So she had tested herself by the natural and acquired abilities of the greatest singer of the day. It was, perhaps, a pitiless standard, but she felt that her safety demanded its extremity. Her comparisons made her burn with shame at her own shortcomings. She wondered how Roland could have been so deceived, how he could have hoped or believed in her at all. She forgot that circumstances had quite altered Roland’s first intentions, and that in following out his secondary ones less distinctive talent was sufficient. On their marriage if he had taken her, as he proposed, to Italy; if the three last restless, miserable years had been spent in repose, in a favourable climate under fine instructors, with a happy, satisfied, hopeful affection to stimulate and support her ambition––ah, then all of Roland’s hopes might have been fulfilled. But lack of patience as much as lack of money had brought final failure. The blossom had been gathered and worn with but small éclat, and there was now no hope of fruit.
Full of such sombre thoughts, she turned up the lights and looked at herself. Gone was her radiant beauty, her splendid youth; gone also her buoyant spirit and invincible courage. That night as she sat there alone she buried for ever this hope of a life for which she was not destined. Yet it was while sitting on that very hearth together Roland and she had felt the joy of her first triumph at Willis Hall. She could remember every incident of her return home the night of her brilliant début. How Roland had praised her and loved her. Neither of them then thought the temporary success to be the 289 first downward step from their original grander ideal; the first step toward a miserable failure. Now it was clear enough. Alas! alas! Why cannot joy, as well as sorrow, open the eyes? Why are they only washed clear-seeing with tears?

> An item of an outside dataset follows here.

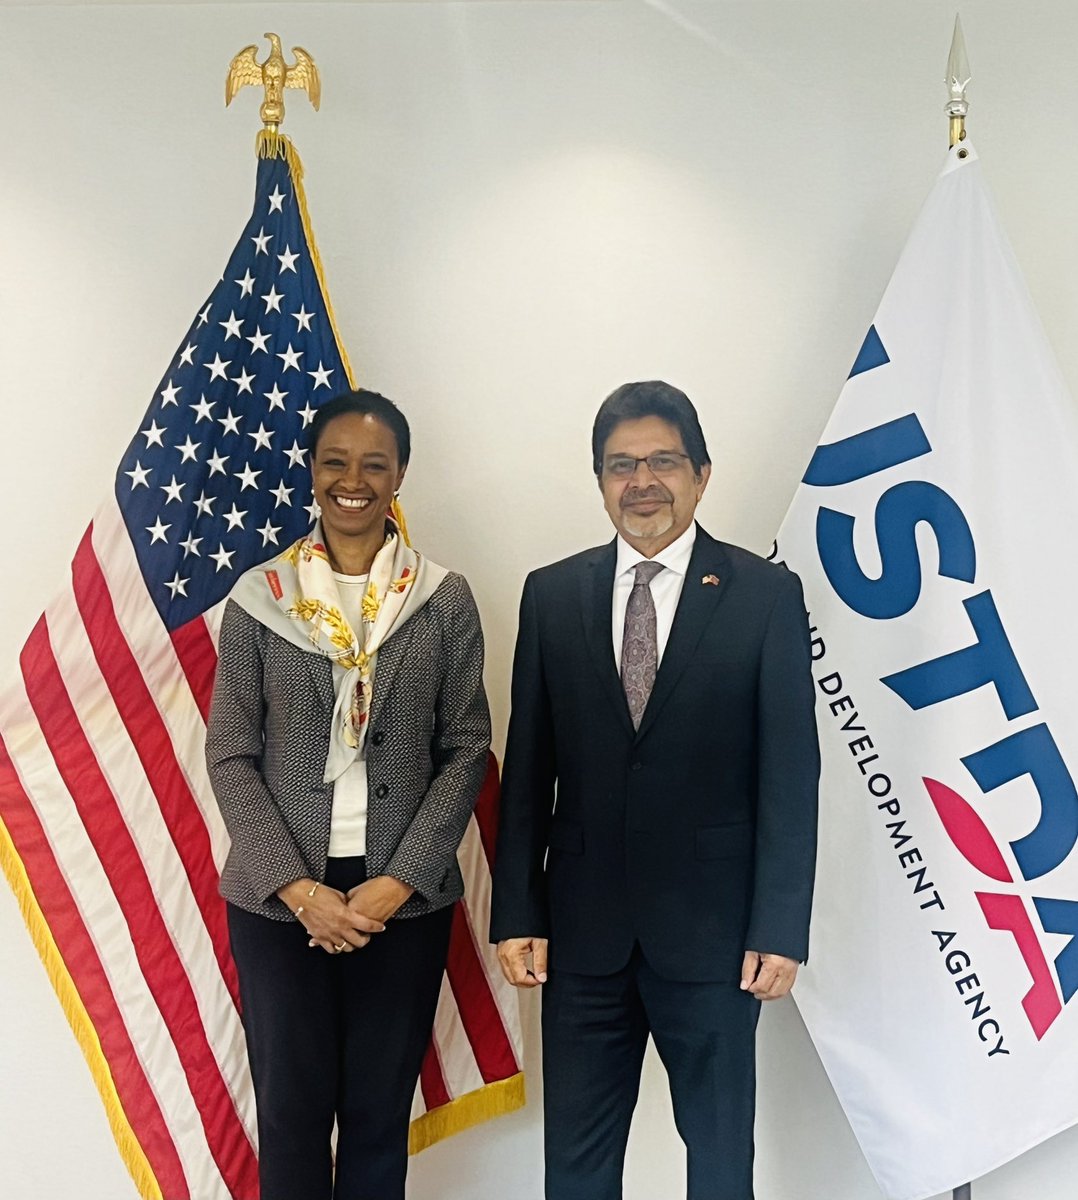 Amb @aghafoormohamed was warmly welcomed by @USTDA_Director Ms. Enoh T. Ebong to @USTDA office. Explored possible partnerships with #Maldives and US Trade and Development Agency.

When the hopeless ceremony was over and she had fully accepted the lot before her, she rose and with tear-filled eyes looked around the place of her renunciation. She felt as if her husband ought to have some consciousness of her disappointment; as if the longing in her heart should bring him to her side. Where was he? Where had he gone to? “Roland! Roland!” she whispered, and the silence beat upon her heart like the blows of a hammer. Was he present? Did he hear her? She felt until she reached the very rim of conscious feeling, and then? Alas! nothing but a mighty mystery looming beyond.
Weary and exhausted with emotion, she lay down and slept, and in the morning the courage born of a resolved mind was with her. When she had finished her business with Elizabeth, then there was her father and her mother and her real life again. She must go back and take it up just where she had thrown it down. And this humiliating duty was all that her own way had brought her. Never again would she take her destiny out of the keeping of the good God who orders all things well. On this resolution she stayed her heart, and somehow in her sleep there had come to her a conviction that the time of smiles would surely come back to her once more. For God giveth His children in their sleep, 290 and the sorrowful wake up comforted, and the weak strong, because some angel has visited them and “they knew it not.”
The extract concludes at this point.